Everybody looks at automation in the food or retail industries; or health administration and insurance; but we have a police and prison system designed with illegal marijuana; that could shrink to 1/8th of it's size with relatively few changes in laws (drug law repeal, mandatory minimums, crime act).
Really?
Only about 18% of current prisoners (state and federal) are serving time for drug offenses. [1]
Of federal prisoners serving time for drug offenses, only 12% are primarily about marijuana. (54% are cocaine and 24% are meth.) [2]
Only 14% of federal offenders were subject to a mandatory minimum sentence. (About half of those were drug offenses, so this overlaps heavily with the 18% figure above.) [3]

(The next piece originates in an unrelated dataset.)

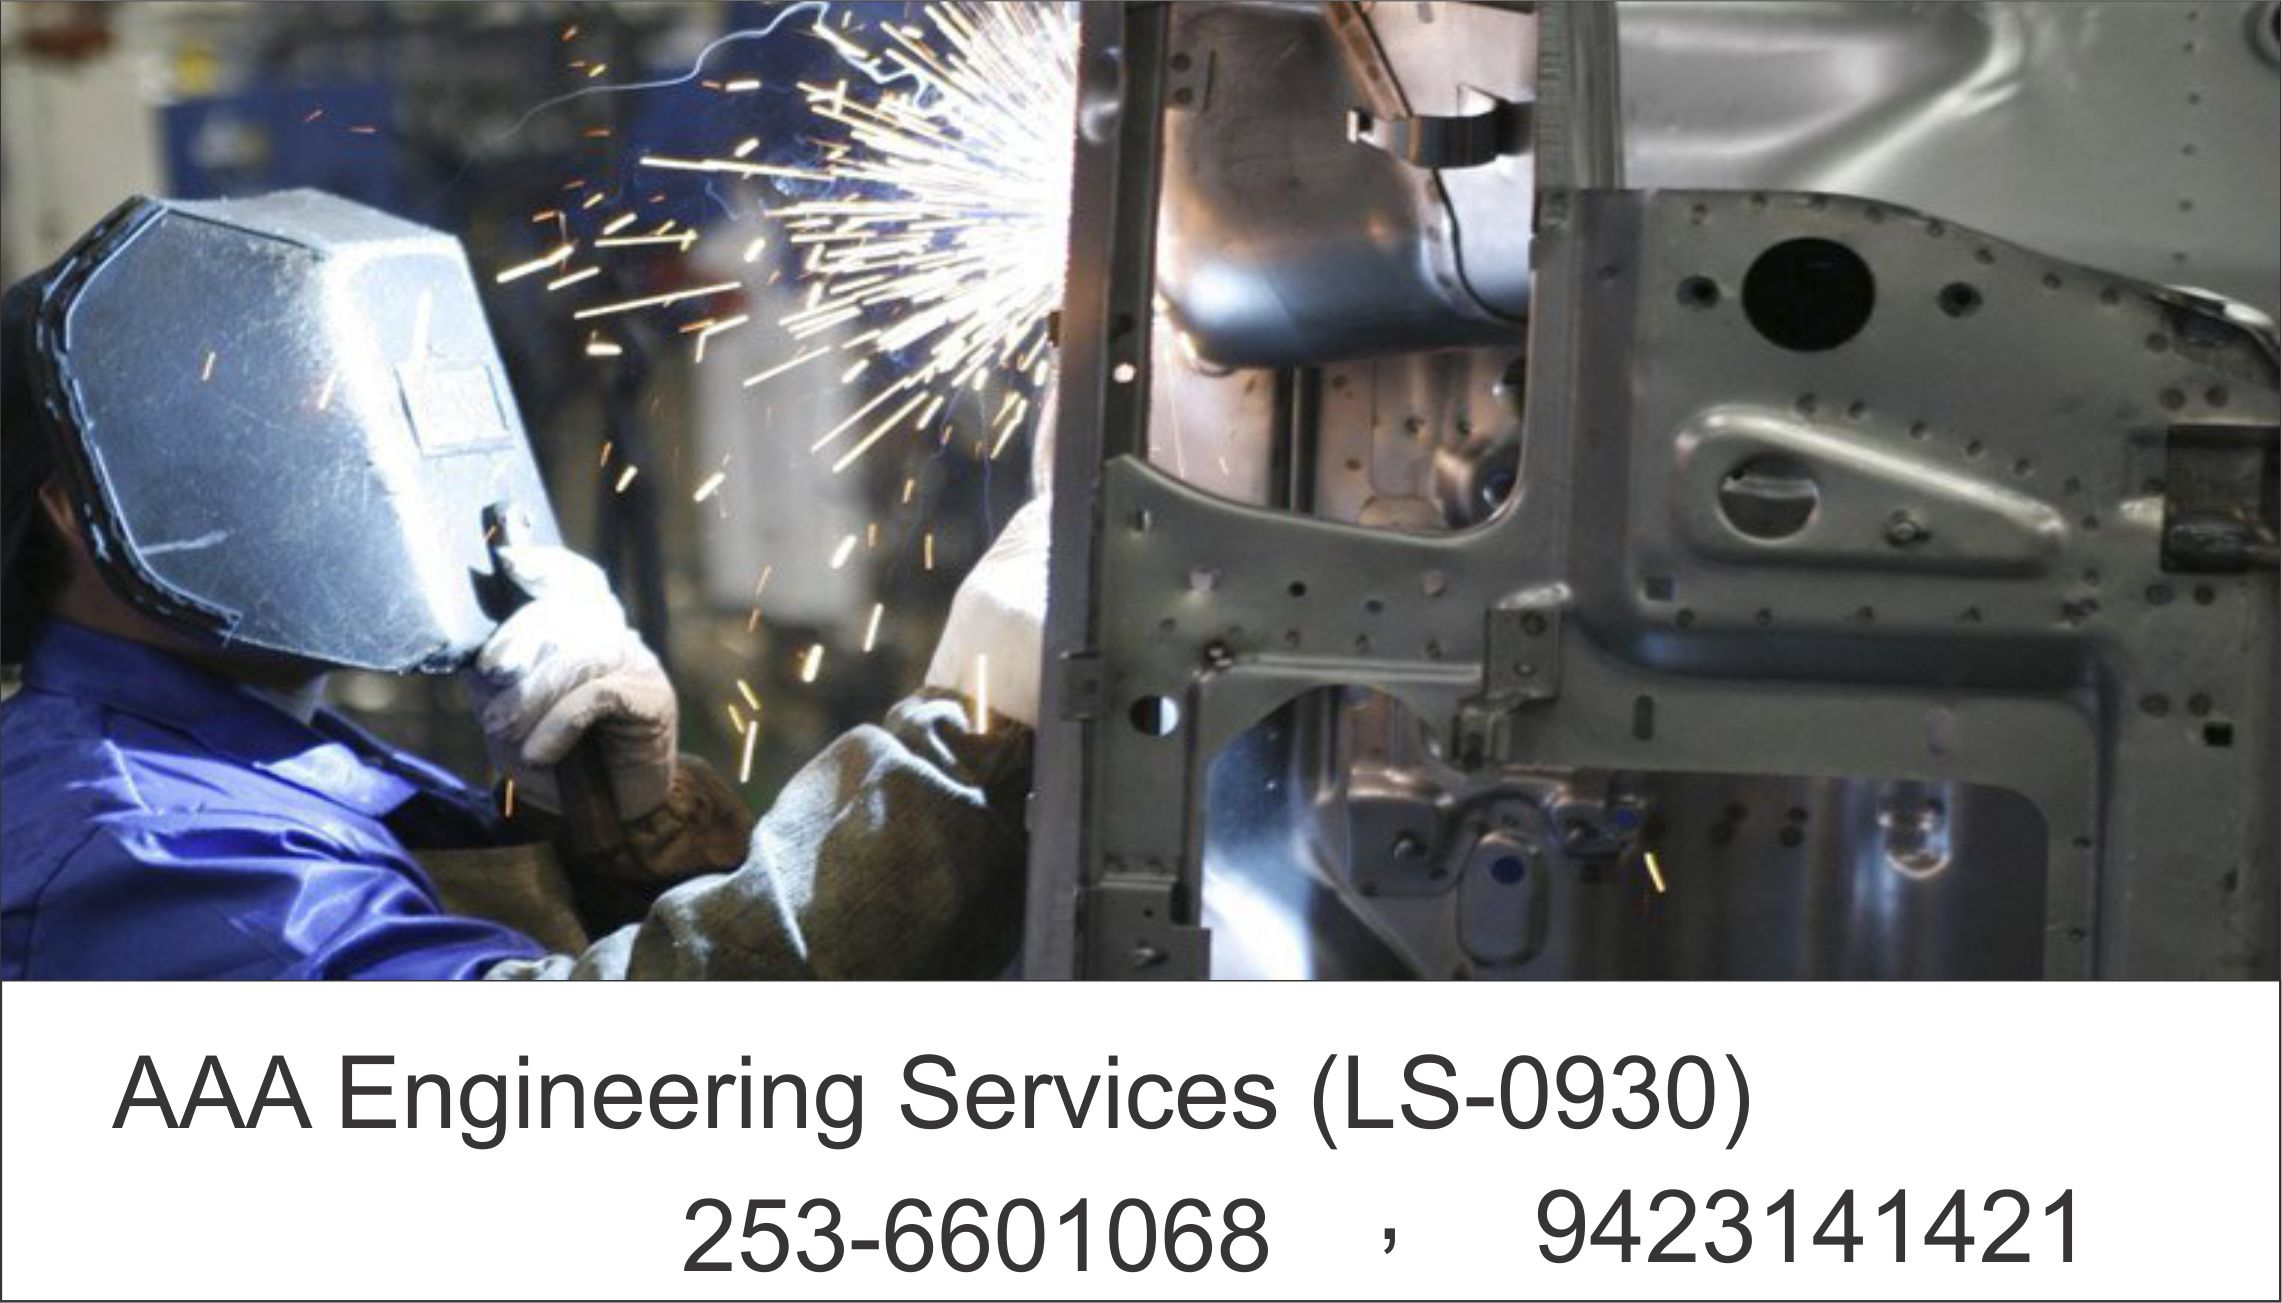 AAA Engineering Services

No realistic minor changes could reduce the prison system to 1/8 of its size. 51% of prisoners are serving time for violent offenses. In fact, 14% of prisoners are serving time for homicide alone, and a similar number for rape. [4] So if you decriminalized _every_ crime except homicide and rape, and cut the sentences for homicide and rape in _half_, then the prison system would be 1/8 of its current size.
I am optimistic that the USA could eventually, in the very long term, reduce the prison system to 1/8 of its size. Fifty years ago, the prison system was 1/4 its current size. [5] Most western European countries have between 1/8 and 1/4 the US incarceration rate, and a few have below 1/8. [6] But this will require way, way, way bigger societal changes than just marijuana decriminalization or other minor tweaks.

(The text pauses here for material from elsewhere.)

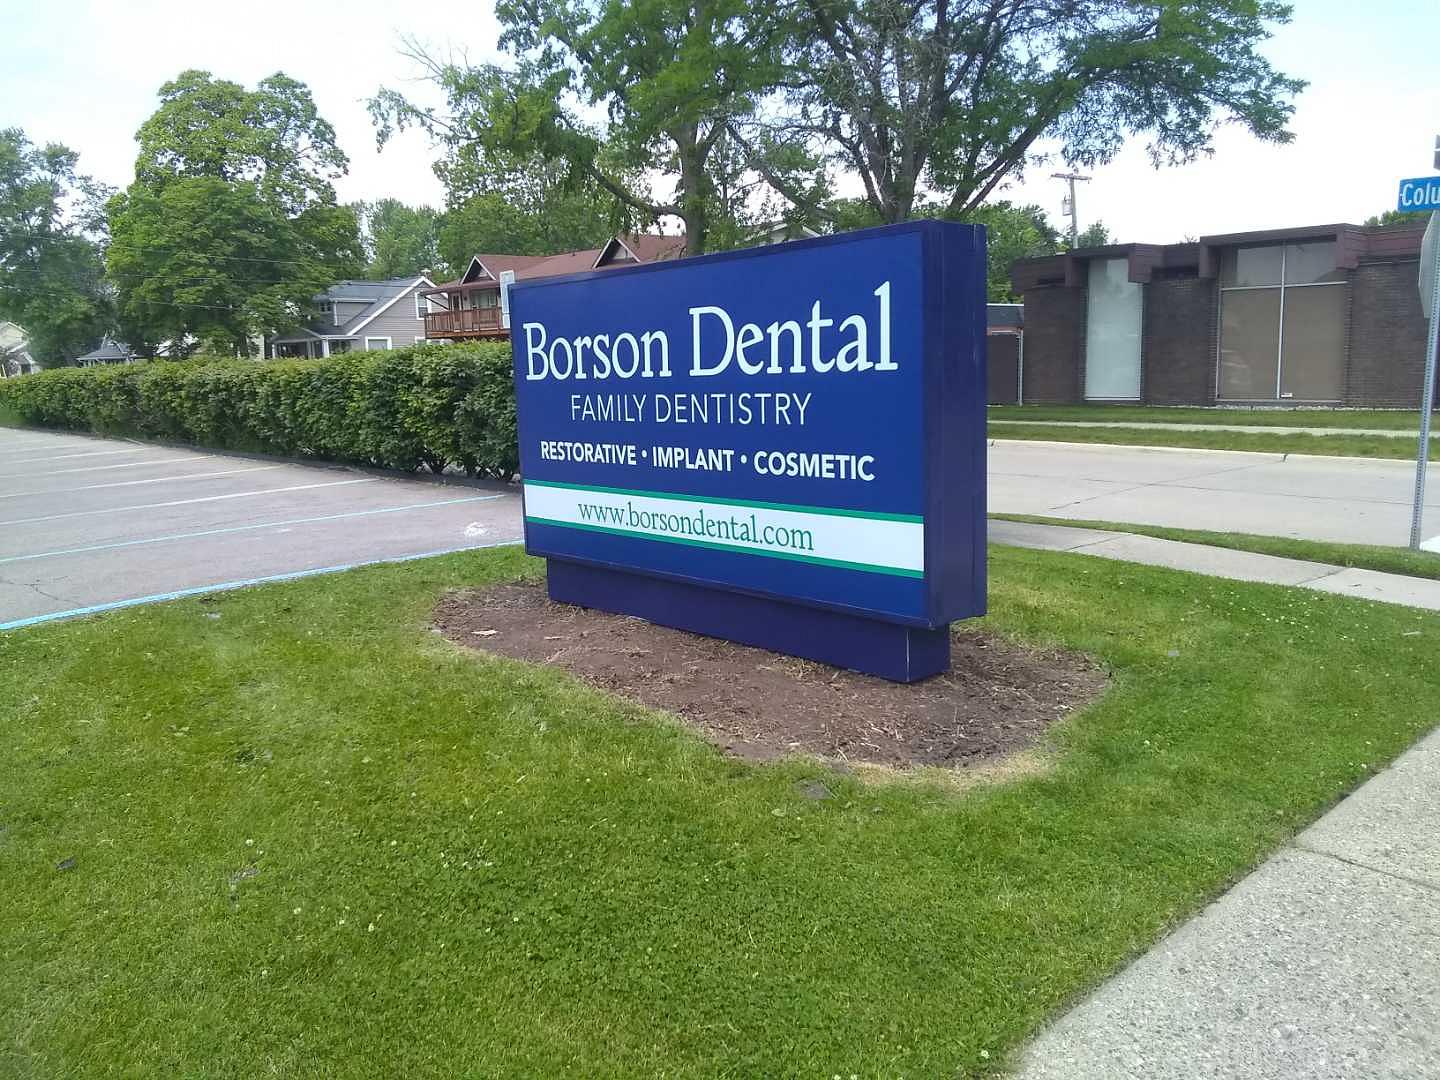 Borson Dental Family Dentistry monument sign illuminating flex face

[1] Source is https://www.bjs.gov/index.cfm?ty=pbdetail&iid=6846. Of the 1.274M state prisoners, 14% are serving time for drug offenses. Of the 162k federal prisoners, 47% are serving time for drug offenses.
[2] Source is https://www.bjs.gov/content/pub/pdf/dofp12.pdf. Caveat: this is federal-only, and federal prison statistics are often different from state prison statistics.
[3] Source is https://www.ussc.gov/sites/default/files/pdf/research-and-pu.... Caveat: this is federal-only, and federal prison statistics are often different from state prison statistics.
[4] Source is https://www.bjs.gov/index.cfm?ty=pbdetail&iid=6846 again. Of the 1.274M state prisoners, 56% are serving time for violent offenses (16% for homicide). Of the 162k federal prisoners, 8% are serving time for violent offenses (2% for homicide).